How to have a good rheumatology appointment

How to have a good rheumatology appointment

Guest blogger: Stefanie Remson
4 minute read

It can be a source of anxiety, worry, tension, and stress: how do I prepare for a rheumatology appointment?

Here are some tips to help you have the best possible experience.


Map directions before you go 

Do you remember the good old days of MapQuest? And printing the driving directions before you leave?

What about a traditional, old-school paper map?

With everyone relying on technology and smartphones these days, it’s easy to forget the time-consuming effort that finding directions used to be.

I still always recommend mapping your route before you go.

There is nothing worse than having to re-route due to an accident, construction, or needing to make an un-planned stop along the way. 

Whether your drive is 10 minutes or 4 hours to your rheumatology appointment, a little planning in your route goes a long way and eases a lot of anxiety!


Know your insurance benefits

Before you go, call your insurance.

Obtain clear information on your co-pays, co-insurance, prescription coverage, and your deductibles. 

Eliminating the worry of the cost of the visit helps you to focus on what’s really important – you and your health!

I always recommend going an extra step – ask for your prescription formulary.

This way, you know exactly what prescriptions are covered, what cost, and if they require a prior authorization (additional paperwork.)


Bring a friend or family member with you

In these COVID times, many places are not allowing additional people in appointments. 

Despite this new way of life, there are many ways to stay connected!

Zoom, FaceTime, or even a simple phone call can help to have another set of eyes and ears present for you to help remember the details of what occurred. 



Keep a journal. Write down everything that you feel each day.

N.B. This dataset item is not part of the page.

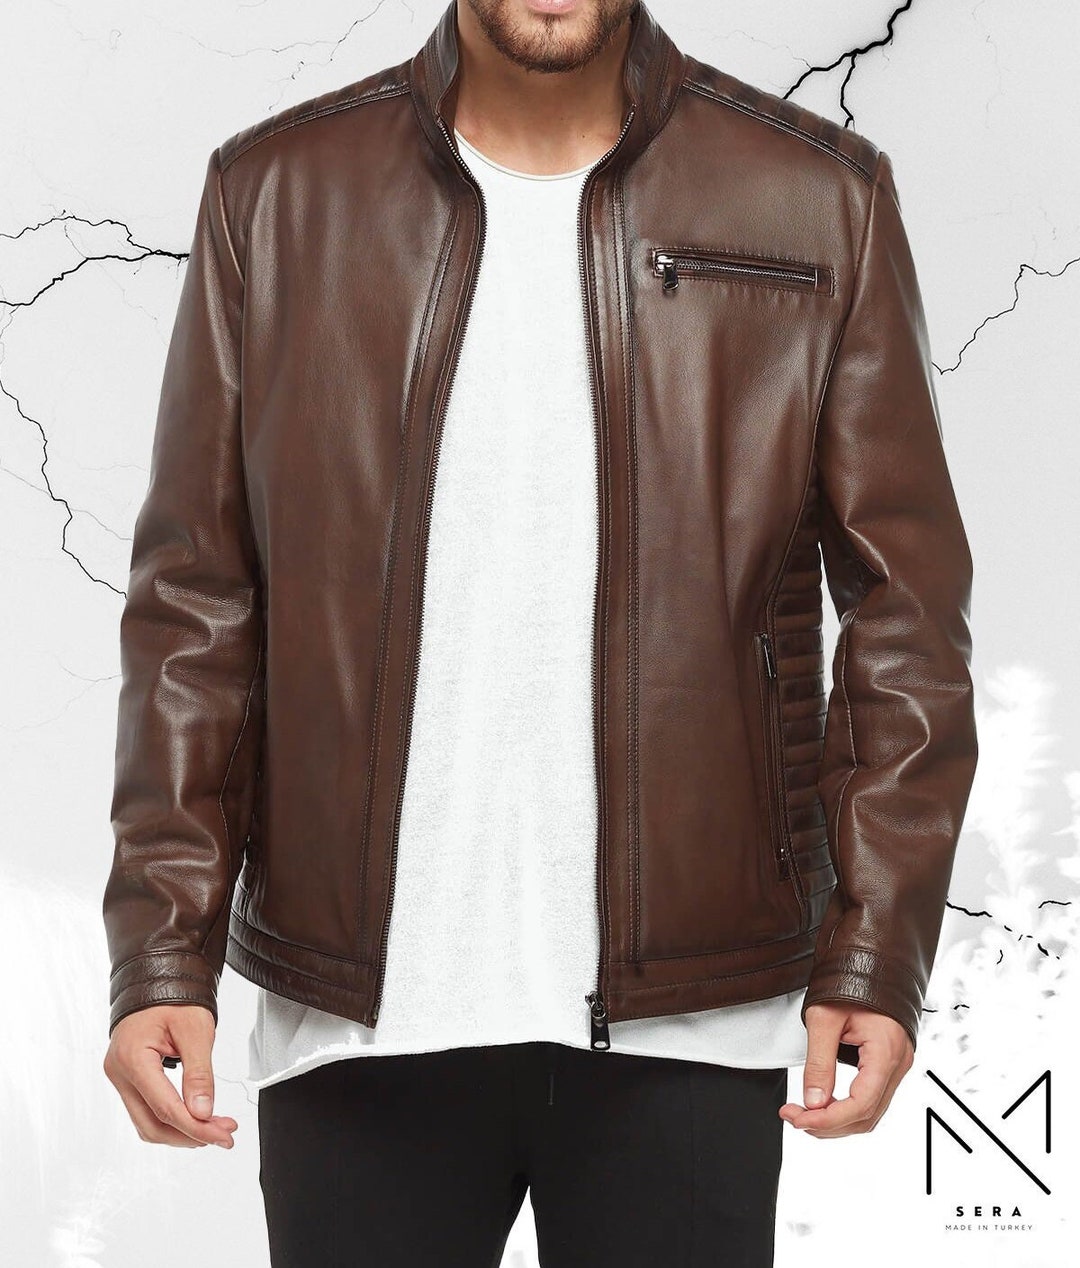 Men Custom Tailored Genuine Leather Jacket Brown Leather - Etsy

This includes pain, stiffness, and sleep. You can also include medications you have taken, including over-the-counter and as needed prescriptions. 

Also, jot down if you missed any events, activities, or work due to your arthritis.

Offering this journal at your appointment can help your rheumatologist treat you better. 


Know your goals

Everyone’s goals are different. You should expect to communicate these clearly to your rheumatologist and all medical providers at each appointment. 

They are medical professionals, not mind-readers!

Examples of goals that may be important to communicate include:

  1. Planning to conceive or trying to conceive

  2. Options for treating disease with fewer traditional medications

  3. Running a marathon or other fitness goals

  4. Holding a toothbrush or other day to day limitations

  5. Walking without a cane at my daughter’s wedding or other big events

  6. Working 35-40 hours a week

  7. Pursuing a career of dance or other physical pursuits

  8. Becoming a physical therapist or other medical careers

  9. Changing my child’s diaper or other family caring activities


Take notes during your rheumatology appointment 

Paper and pen or electronic – take your pick! Just write it down.

There is nothing worse than leaving your appointment and not remembering anything that was discussed. 

Be sure to ask for spellings of medications, dates and time estimates for treatments, and what the next step is anticipated to be.

My personal tip – bring a 12-month calendar with you for a quick reference to dates, days of the week, school holidays, bank holidays, and insurance re-set or change dates. 


Bring questions and answers with you

It’s no surprise that this appointment is all about you.

Be prepared to answer questions about you, your pain, your lifestyle, and your relationships. 

Also, if you have questions about your treatment plan, this is the time to ask!